- Granite Mountains Location within California

Highest point
- Elevation: 1,326 m (4,350 ft)

Geography
- Country: United States
- State: California
- District: Riverside County
- Range coordinates: 33°58′13″N 115°04′22″W﻿ / ﻿33.97028°N 115.07278°W
- Topo map: USGS Palen Pass

= Granite Mountains (Riverside County, California) =

Landform in Riverside County, California

The Granite Mountains are a mountain range in northern Riverside County, California, United States. The range is east of Joshua Tree National Park, and is one of four mountain ranges in the Mojave Desert to share this name. The range is about 12 miles northwest to southeast, and about 4 miles wide. It is in the Palen/McCoy Wilderness, administered by the Bureau of Land Management.

==Geography==
The range is in the southeast part of the Granite Pass USGS topographic quadrangle map, in the southwest part of East of Granite Pass, the northeast corner of West of Palen Pass, and the northern part of Palen Pass. The range is east of the Coxcomb Mountains in Joshua Tree Wilderness, south of Iron Mountain, West of the Arica Mountains and the Little Maria Mountains, and north of the Palen Mountains. The high point is 4351 feet above sea level, at 33.9701741N, -115.0728024W.
==Geology==
As mapped by Stone, Miller, and others, Granite Mountain is largely underlain by Cretaceous, sphene-biotite, porphyritic, granodiorite. It is moderately to strongly foliated and contains euhedral phenocrysts of light-gray potassium feldspars.

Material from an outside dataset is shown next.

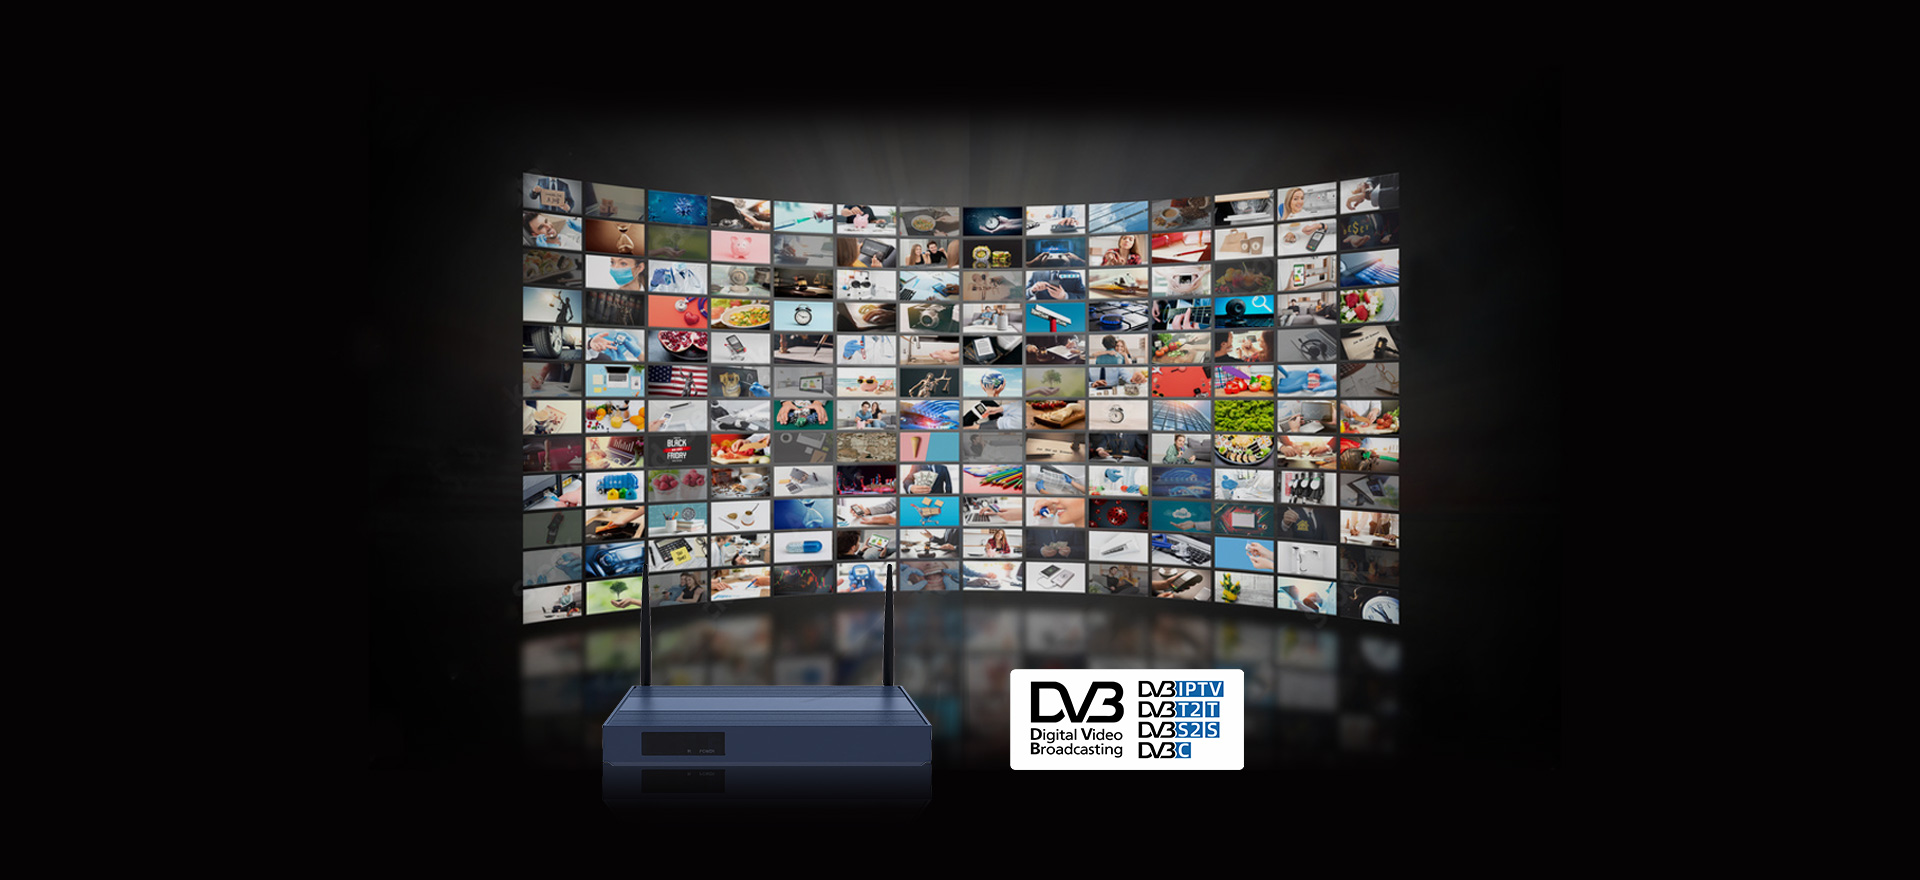 KW1 support DVB-S/S2 DVB-T/T2 DVB-C Standard

The feldspar phenocrysts are 0.8 to 4 in long and exhibit distinctive concentric zones of mafic mineral inclusions. Sills, dikes, and lenses of strongly foliated to unfoliated leucogranite intrude the granodiorite. In the northern part of Granite Mountain, the granodiorite contains vertical to steeply inclined roof pendants of porphyritic biotite-hornblende granodiorite gneiss, tonalite gneiss, and quartz diorite gneiss. The age of these gneisses are either Mesozoic or Proterozoic.

==Biology==
Little has been published on the flora and fauna of these mountains. A hiker's blog mentions Parkinsonia (palo verde) and Yucca. The Calflora database lists Brassica tournefortii (Saharan mustard), Crossidium squamiferum, Fouquieria splendens (ocotillo), Grimmia orbicularis, Juniperus californica (California juniper), and Stillingia spinulosa (broad leaved stillingia). One document notes that these mountains are part of the range for desert bighorn sheep (Ovis canadensis nelsoni).